Having seawater, washing water and drinking water options all available in the galley supported by separate circuits may sound complex but it is easy to live with and provides a level of redundancy which has proved indispensable in far flung places where resolving plumbing failures can be almost impossible. 

Water measurement: If you can’t measure it you can’t manage it. Never truer than with your supply of fresh water. Camomile originally had no means in place to check the amount of water in the main tanks and a small Zig gauge I had added to the port tank some years ago was both unreliable and inaccurate.

Our drinking water tank is easy to access, translucent and therefore can be easily monitored however the main tanks can’t be managed in this way being opaque and inaccessible.

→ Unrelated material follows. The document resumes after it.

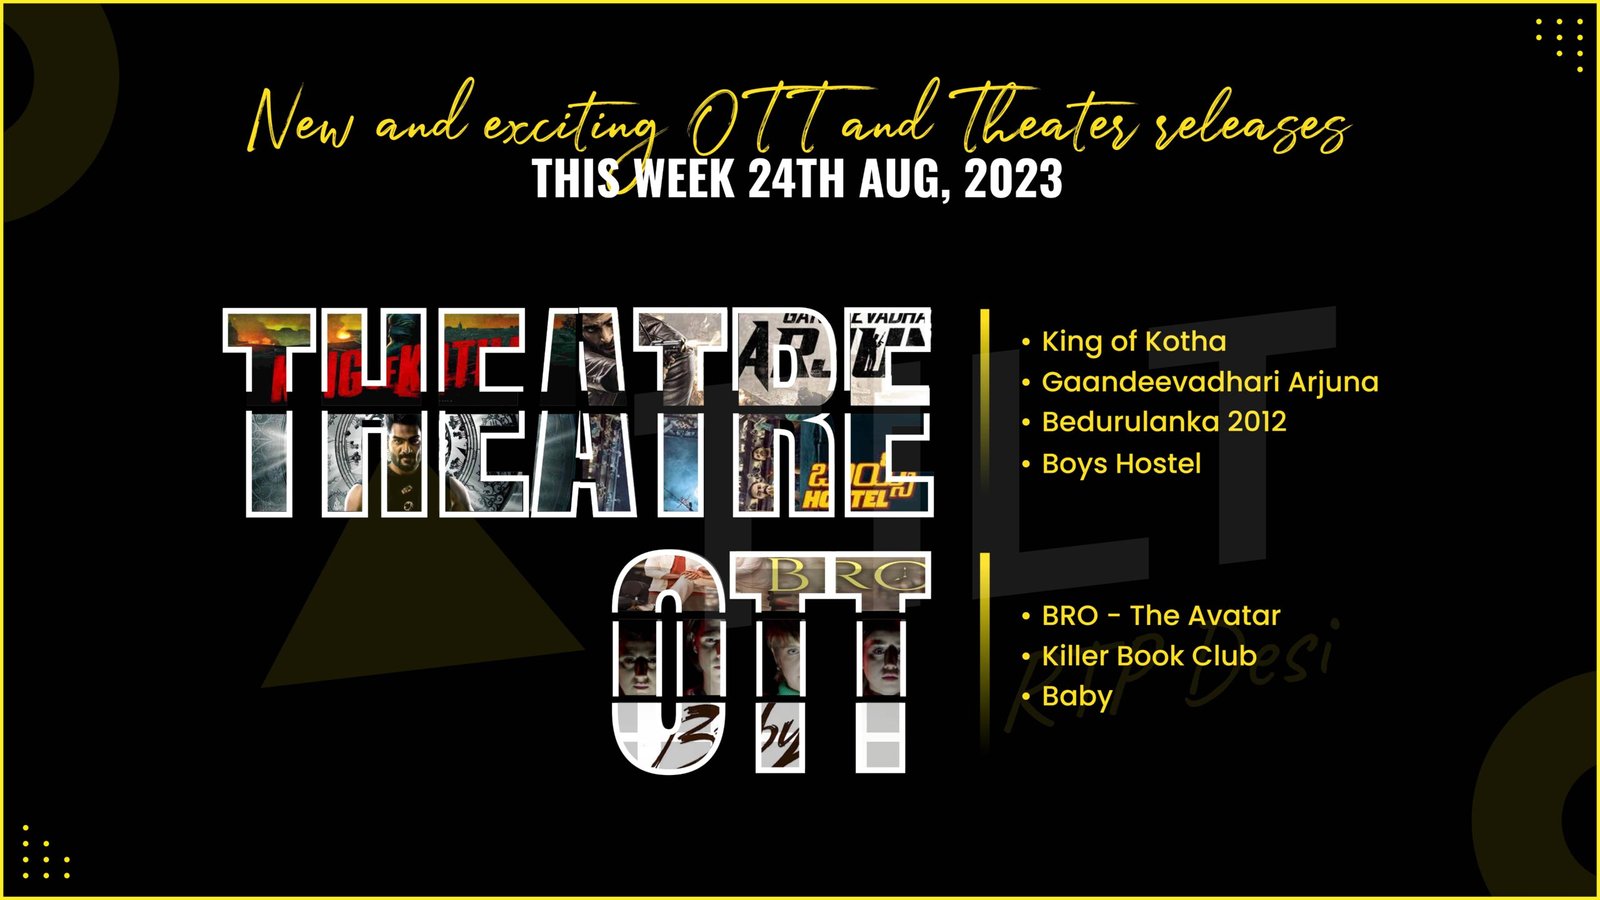 New Theatre and OTT Releases This Week, 24th Aug 2023 -Triangle Tilt

The best system I had come across was on a Amel where a sort of floating dipstick is located by the companionway but, although simple, I realised that any system would be only be completely accurate when the boat is upright and still.

I therefore installed a transparent sight tube on a level with the tanks, fed from the lower central tank, and a manual valved vent above it to allow it to breathe. The vent is fed as high as possible under the galley worktop and then returned down to the strum box to dispose of any leakage, the only drawback being that, under certain conditions, it is possible to cause a siphon and therefore a small puncture is required in the tube along with diligent closing of the valve which ideally would be spring loaded.

As our main tanks are not uniform in cross section the capacity scale for the sight tube would not have regular, even graduation so the scale was calibrated by emptying the tank 20 litres at time and marking the increments accordingly.

Even at sea this system can be made to work quite accurately if the heel is taken off and the vent valve is opened when the boat/tank is in its most neutral position.

Knowing the quantity of water in the tanks has been a real boon, allowing us to choose to carry less water (weight) on some passages but more importantly to be much more relaxed about how long we stay in some of the more remote anchorages where obtaining fresh water is an issue.


When we are cruising/anchoring our consumption runs at around 40 litres/day and we use our main tanks for washing/showering, washing up, cooking and cleaning but do not do laundry on board unless it is washed mainly with seawater and as Camomile has no salt water faucet this is not really very practical.

On long passages in hot climates we wash ourselves in seawater from a bucket on the boarding platform and then rinse ourselves off in fresh water from the transom shower. This may sound rudimentary but with air temperatures well into the 30s it is very refreshing and you can do it pretty well as much as you like.

We also have a 3m x 4.5m PVC sun canopy which is rigged at when anchor if we are not expecting severe winds. This can be fitted with funnels and tubes which divert any rain into the main tanks which can be quite effective in tropical downpours. In fact the main tanks were once filled in just over an hour on one of the outlying Fijian islands thus avoiding any water maker use at all during our stay there.

40 litres worth of rigid jerry cans are also carried on board which along with our stock of bottled water form our final backstop emergency stock and fresh water “grab bag” supply. We have frequently used our additional 150 ltrs of flexible jerry cans for topping up the main tanks by shuttling to a trusted dockside supply in the dinghy and this served us well in New Zealand and Australia where chlorinated supply is plentiful nearby to a lot of good anchorages but, particularly in Australia, marinas are expensive to visit.

Before the modifications to the original system were started the plumbing circuit was schemed out (drawing in ms excel) and although this took some time it was really useful. It not only helped to avoid mistakes (easy with so many tubes that looked very similar) but formed the basis of getting the right parts, length of tube and preparing locations for the major components whose relationship to each other within the hull is sometimes critical. The file was later extended to include all the boat plumbing and is used as reference when troubleshooting or making changes to the system.


  1. That is genius Kins, I can’t wait to see it on operation!